FYI: a full copy of a file is supported by HDF5IO.copy_file.

NileGraddis commented 4 years ago

EDIT @rly

I am running into the same set of problems (container source, default linking) while attempting to carry out the same read -> modify -> write separately workflow. As a workaround, I can:

  1. read the file into a BytesIO
  2. make an h5py.File from the BytesIO
  3. make an NWBDHF5IO from the h5py.File
  4. read and modify the NWBFile
  5. traverse the NWBFile, setting container_source to the repr of the BytesIO (:radioactive:)
  6. write and close everything in reverse order

This is pretty gross. Is there a better way? What is the actual purpose of container_source if it is being reset on each write?

If there is not a better way currently, when do you think these issues could be addressed? We are using this functionality (via workaround) to process data we hope to release in June and it would be great if we could have clean code in place to process those data.

oruebel commented 4 years ago

@NileGraddis would this https://pynwb.readthedocs.io/en/stable/tutorials/general/scratch.html#copying-an-nwb-file workflow work for you?

NileGraddis commented 4 years ago

@oruebel

Thanks for the quick reply! I think that is almost there, except that I would like the copy to be deep rather than shallow - we're using this in a processing pipeline which incrementally adds to an nwb file which ought then to stand alone.

oruebel commented 4 years ago

@NileGraddis if you want a full physical copy of the file, then you could just copy the file first and then open the copy. HDF5IO.copy_file can do this (which is useful if you need to resolve external links) or you could just do standard python

from shutil import copyfile
copyfile(src, dst)

to copy the file.

NileGraddis commented 4 years ago

@oruebel

Copying the file is certainly another workaround, though it requires that the intended output is an h5 file on disk, which might not be true in the future!

I suppose that the main concern I have about my workaround is container_source - I'm not thrilled to rely on updating a private attribute, which might be changed in the future! I am also a bit confused about the purpose of container_source. It seems like it might represent:

  1. the original source (provenance tracking!) of the container. But then why does NWBHDF5IO try (and fail) to reset it on write?
  2. some information about the "ancestral" source of a container (like: "I am working with data from a bunch of files, which one did this container come from"). But this is redundant with parent and doesn't explain why it is read-only.

What is the intent behind container_source?

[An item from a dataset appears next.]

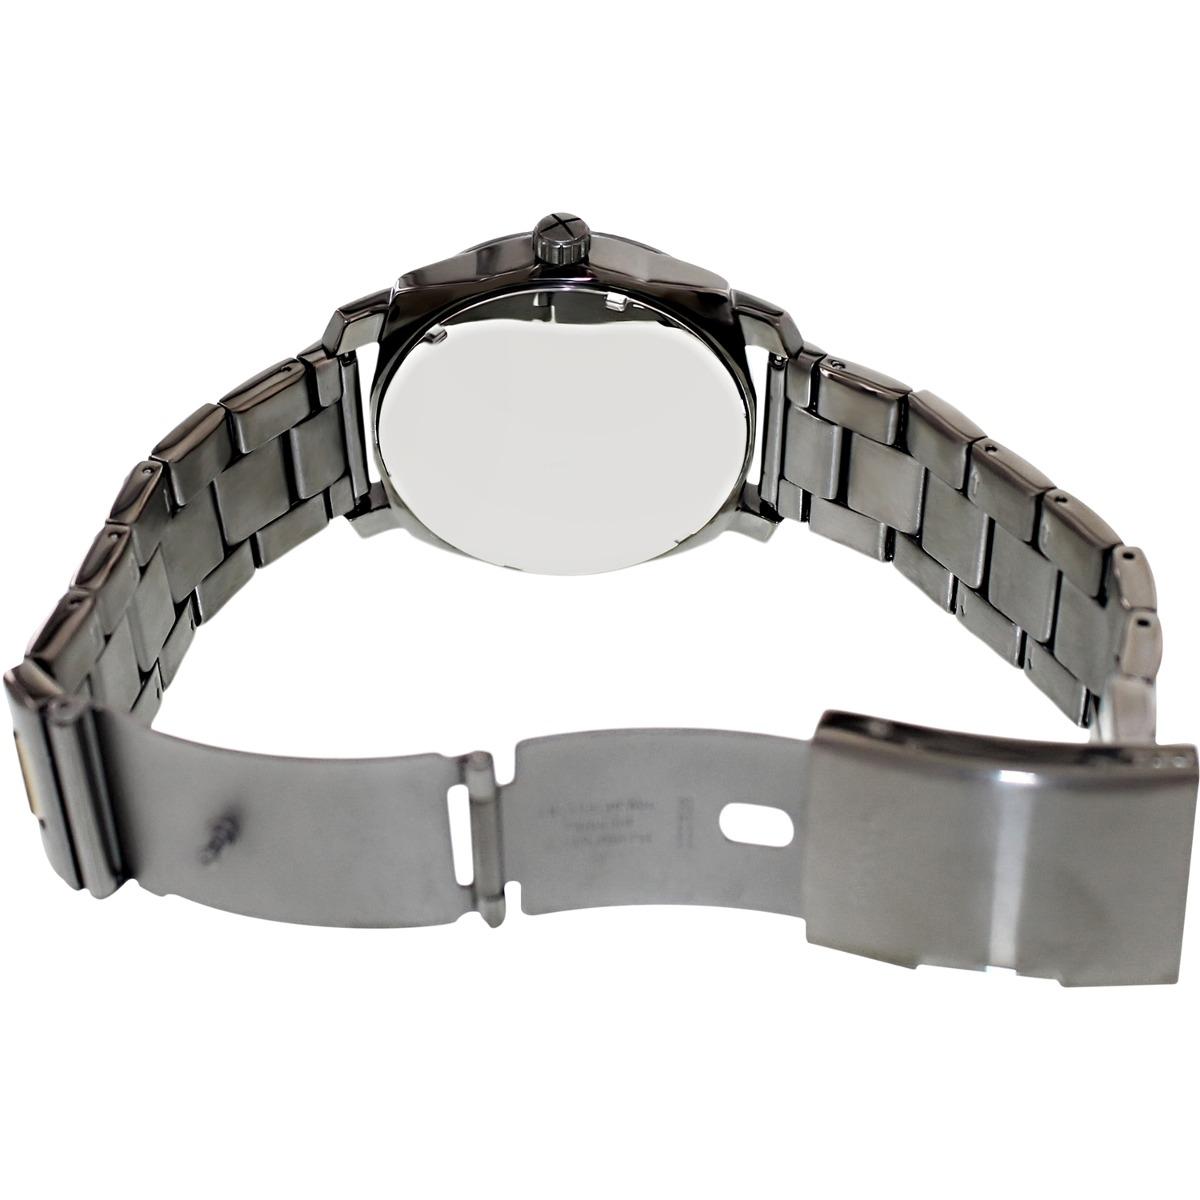 e063b95b4830 reloj fossil para hombre machine gris acero inoxidable. Cargando zoom.

Would it make sense to make a simple modification to the NWBDHF5IO that would resolve this issue, like only trying to set container_source if it is not already set?

kir0ul commented 4 years ago

Hi, I have the same use case: I would like to copy a few data interfaces below I get in an NWB file from Suite2p to another main NWB file.

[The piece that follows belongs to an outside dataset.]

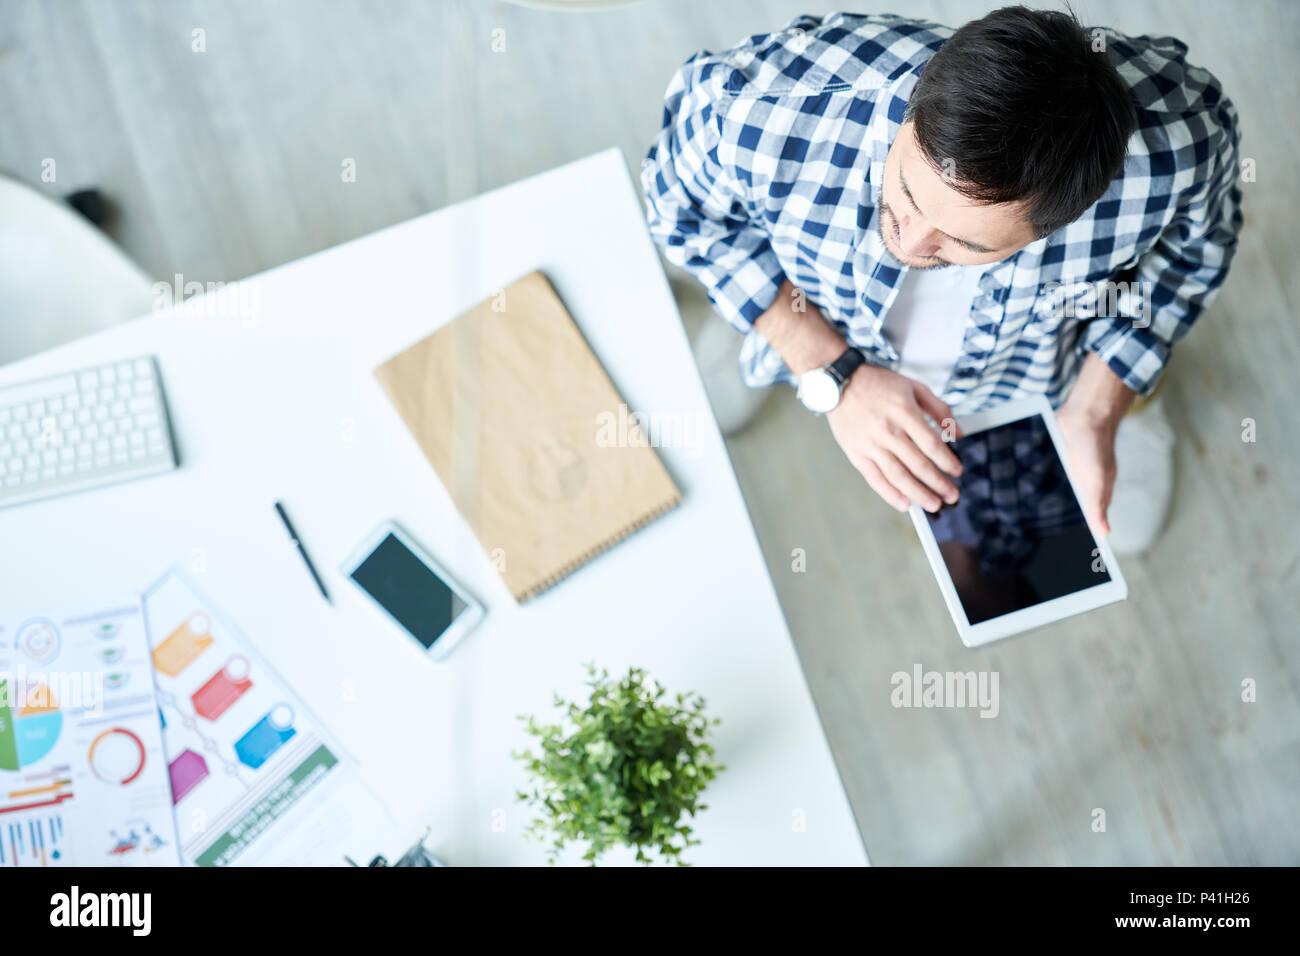 L'homme avec l'espace de travail à tablette Photo Stock

ipdb> nwb2p.processing                                                                                                                                                              
{'ophys': ophys pynwb.base.ProcessingModule at 0x140110771702800
Fields:
  data_interfaces: {
    Backgrounds_0 <class 'pynwb.base.Images'>,
    Backgrounds_1 <class 'pynwb.base.Images'>,
    Backgrounds_2 <class 'pynwb.base.Images'>,
    Deconvolved <class 'pynwb.ophys.Fluorescence'>,
    Fluorescence <class 'pynwb.ophys.Fluorescence'>,
    ImageSegmentation <class 'pynwb.ophys.ImageSegmentation'>,
    Neuropil <class 'pynwb.ophys.Fluorescence'>
  }
  description: optical physiology processed data
}

As long as the NWB object is in memory, everything is fine, but when I try to write it on disk, I get the same error with the container_source referencing the old NWB file. AIso the problem with copying as suggested here is that I only want some parts of the file. For now I ended up modifying the _AbstractContainer__container_source attribute of each data interface, which is probably not the way to go.

oruebel commented 4 years ago

https://github.com/hdmf-dev/hdmf/pull/326 should address this issue

kir0ul commented 4 years ago

It seems that this has been fixed, has it? I can find an export method in the HDMF docs but I can't find any NWBHDF5IO.export() as written here.

rly commented 4 years ago

If you use the latest PyNWB with the latest HDMF, then you can call the export method on NWBHDF5IO. Technically conda and pypi will say that the latest PyNWB is not compatible with the latest HDMF. This will be fixed in the next release, so I'll close this issue then.

Removal of objects from an in-memory NWBFile before exporting is not supported in PyNWB yet, but will be supported in an upcoming release.